Los cortes de electricidad que se han intensificado durante septiembre reflejan, según la Asociación para una Sociedad más Justa (ASJ), un problema que ya trasciende las fallas habituales de transmisión y distribución y se relaciona directamente con la insuficiente generación disponible para atender el consumo nacional.
Edgar Aguilar, especialista en energía de la ASJ, señaló que el sistema eléctrico hondureño está entrando en una situación delicada, especialmente durante los períodos en que aumenta el consumo.

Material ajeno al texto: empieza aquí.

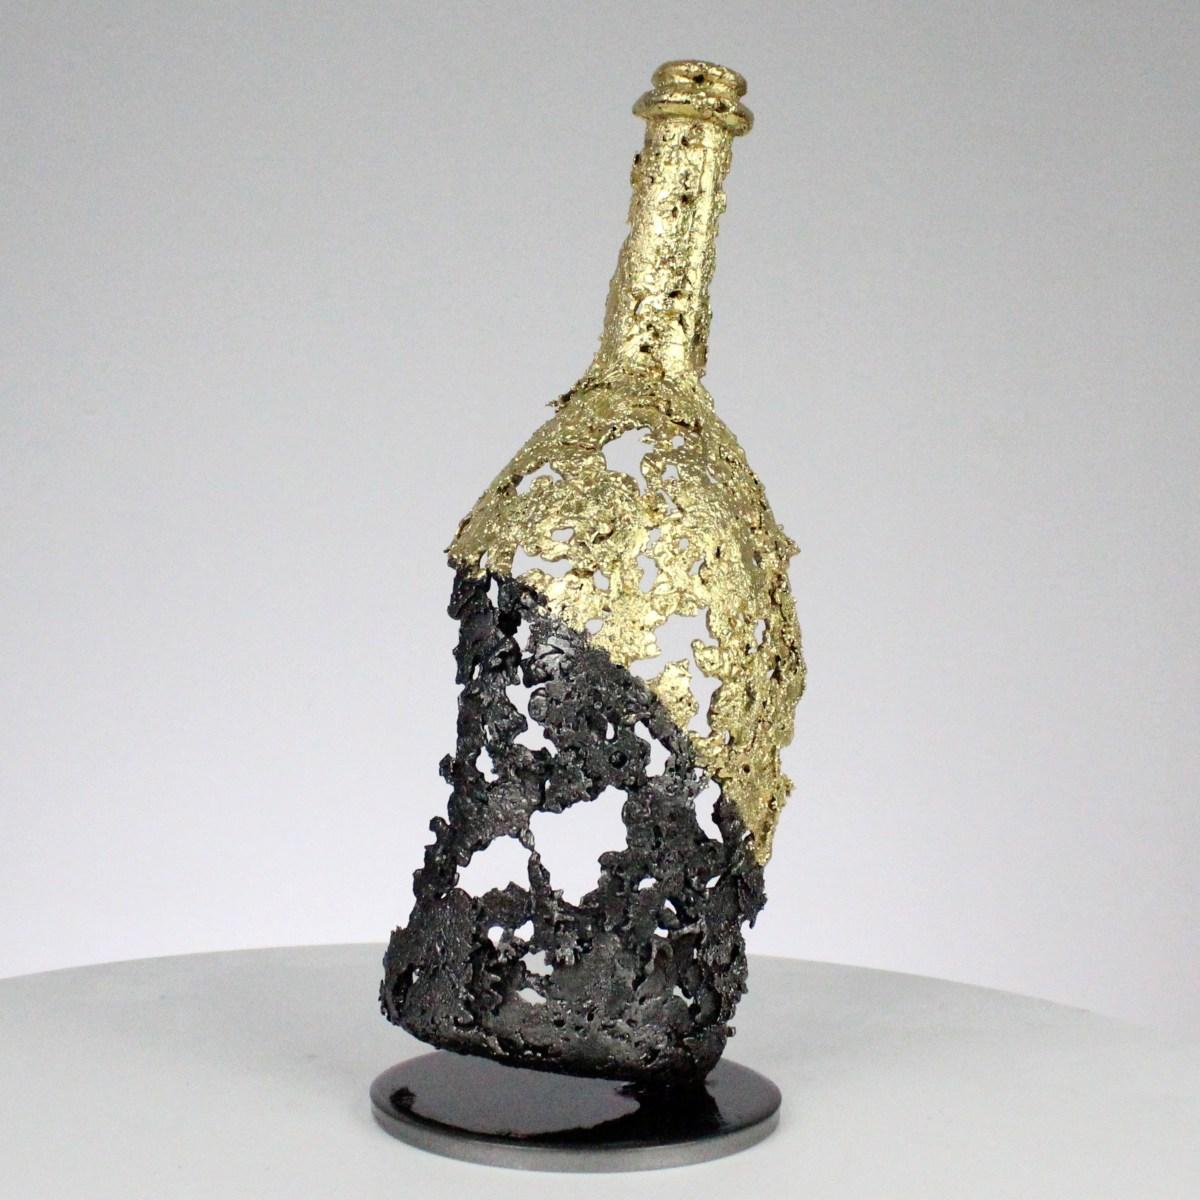 Ruinart香槟酒瓶雕塑,钢制和金色蕾丝-高29厘米
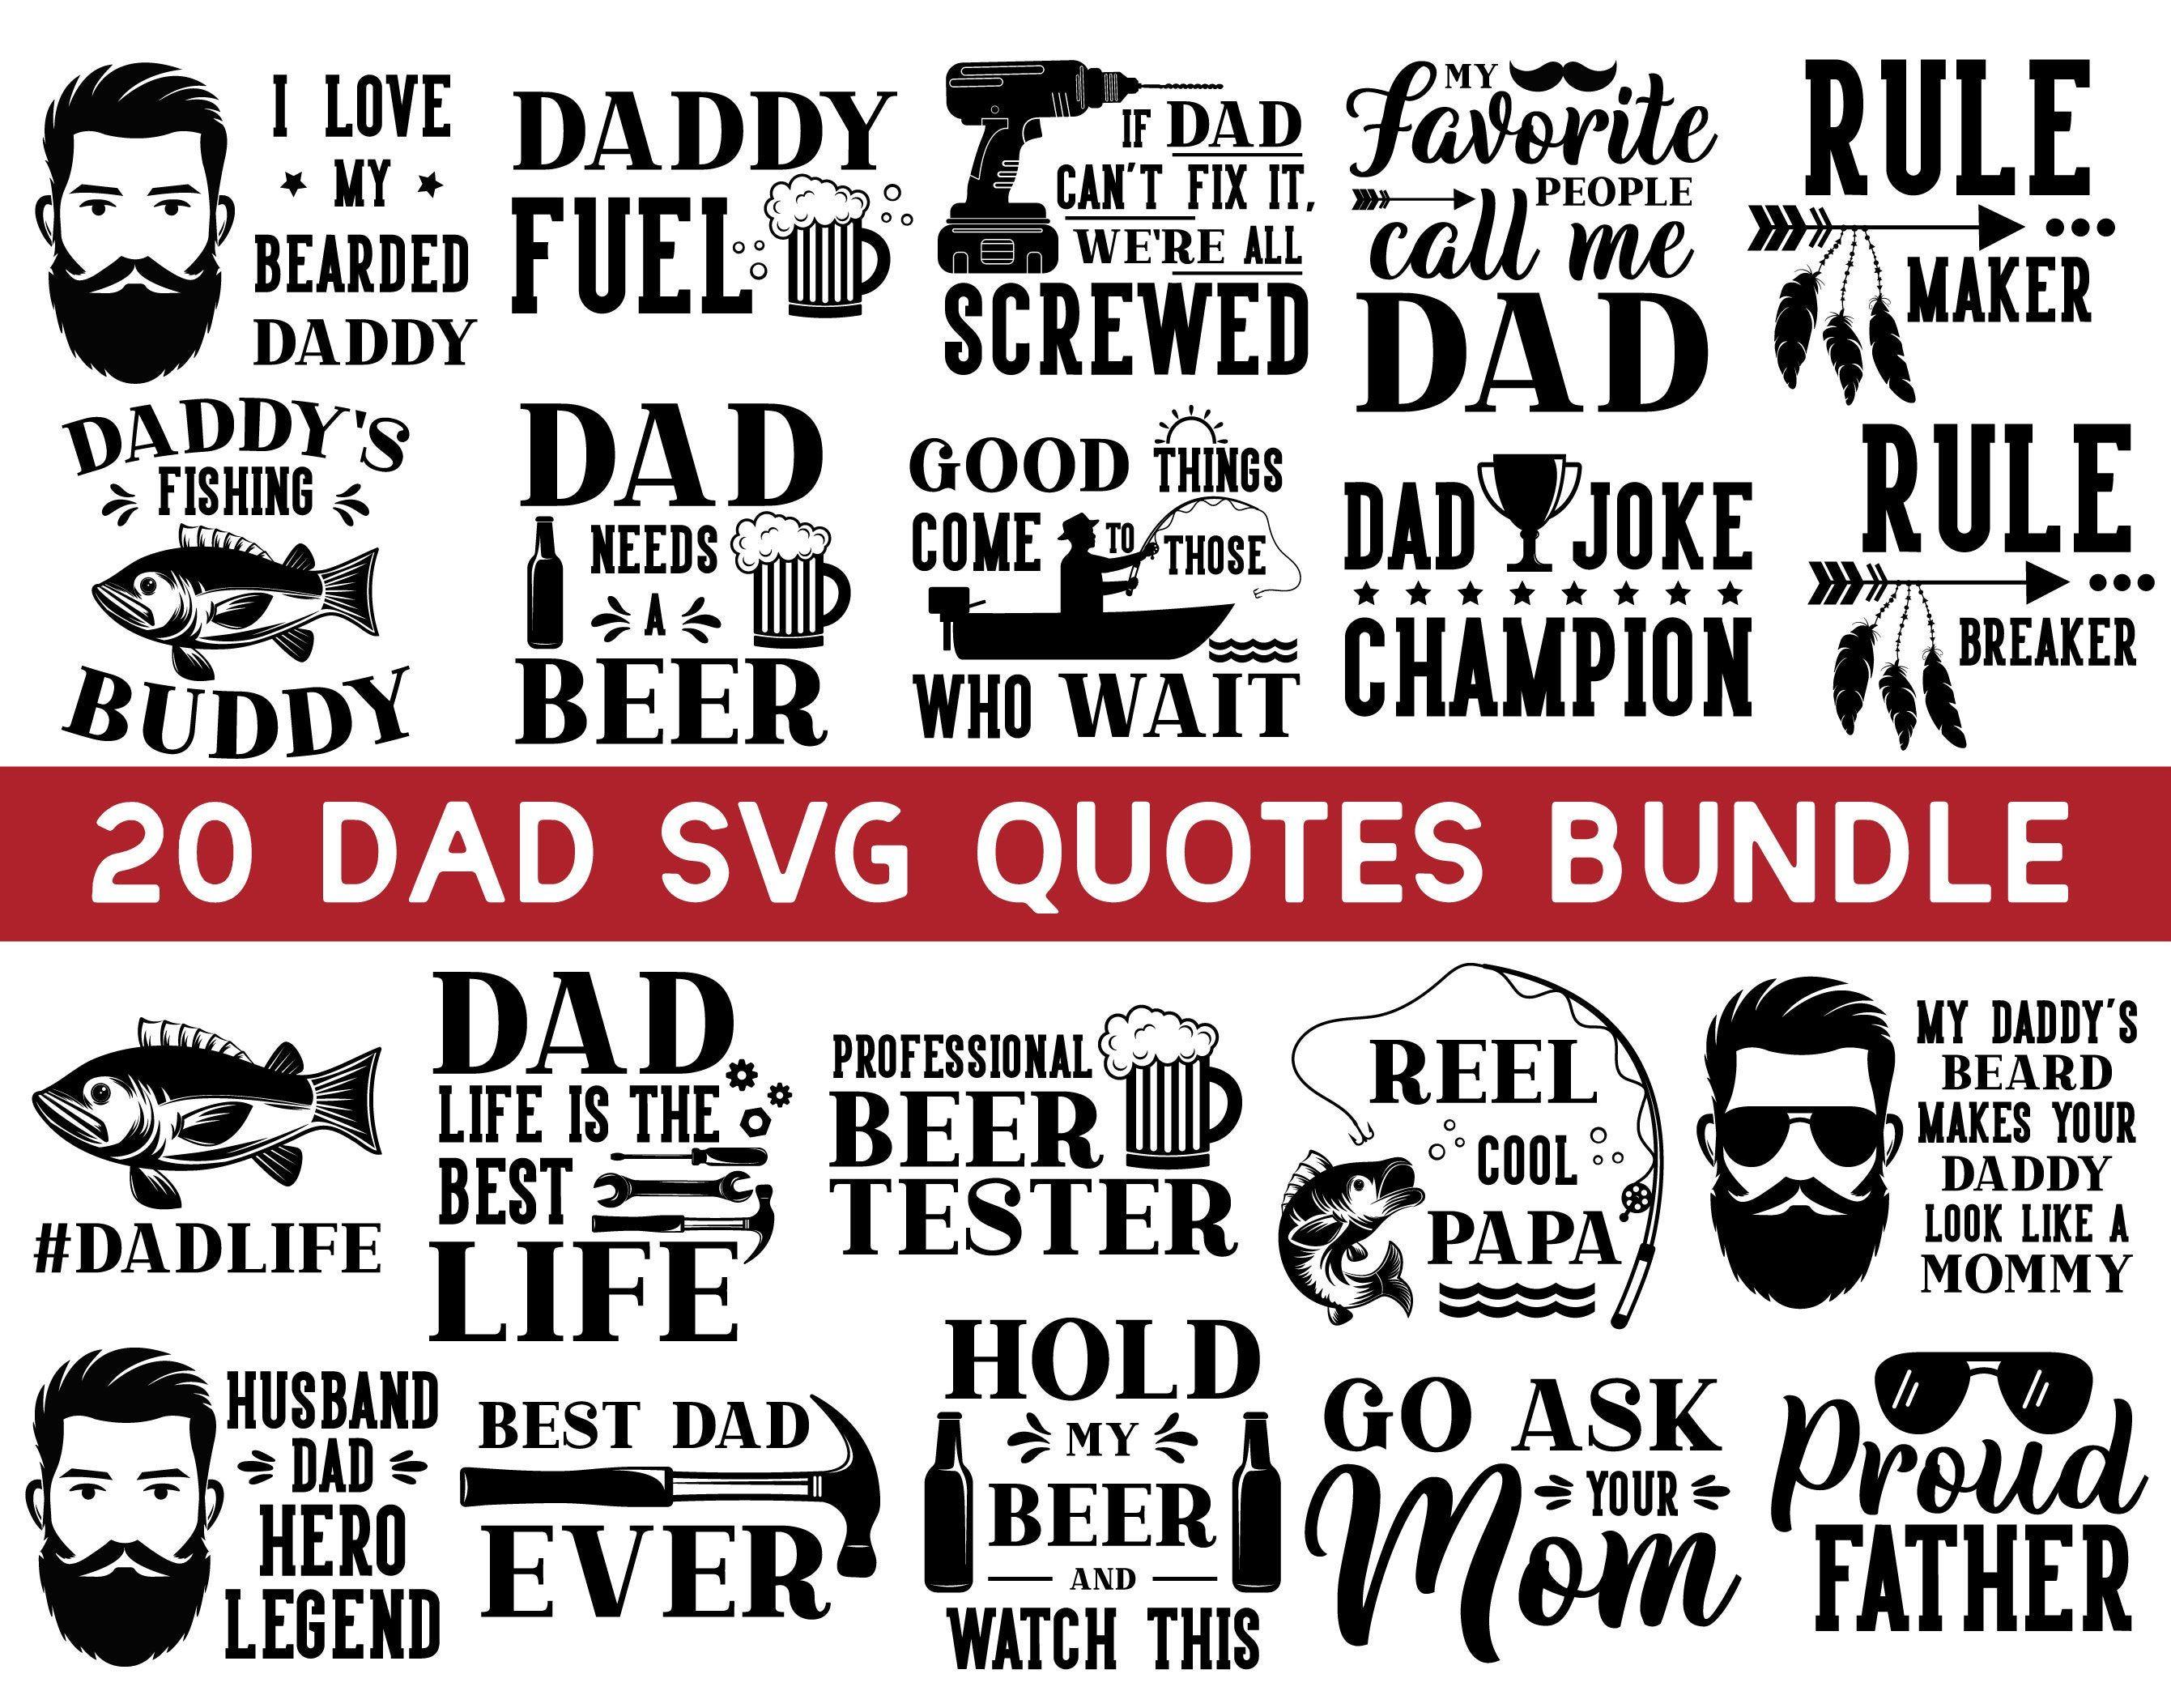 Download Dad Svg Bundle Dad Svg Daddy Svg Father S Day Svg Papa Etsy Dad Svg Fathers Day Svg Dad Quotes

En esos momentos, la capacidad disponible no logra cubrir completamente las necesidades de determinados sectores.
El impacto es más evidente en varias zonas del norte del país, donde algunas de las plantas que deberían contribuir al suministro permanecen fuera de operación. Aguilar explicó que esta situación ha modificado el origen de los problemas registrados durante buena parte del año.

Hasta hace algunos meses, los apagones estaban relacionados principalmente con limitaciones en las redes de transmisión y distribución. Sin embargo, el escenario observado en septiembre apunta a dificultades adicionales en el parque de generación.
Entre los factores señalados por el especialista figuran los inconvenientes relacionados con las plantas de diésel contratadas bajo arrendamiento. La limitada capacidad financiera de la Empresa Nacional de Energía Eléctrica (ENEE) también representa un obstáculo para garantizar el suministro necesario.
Para Aguilar, la solución requiere establecer mecanismos de contratación que permitan incorporar nueva capacidad de generación mediante procesos públicos, competitivos y transparentes. Esto permitiría responder al crecimiento de la demanda y reducir la vulnerabilidad del sistema ante la salida de determinadas plantas.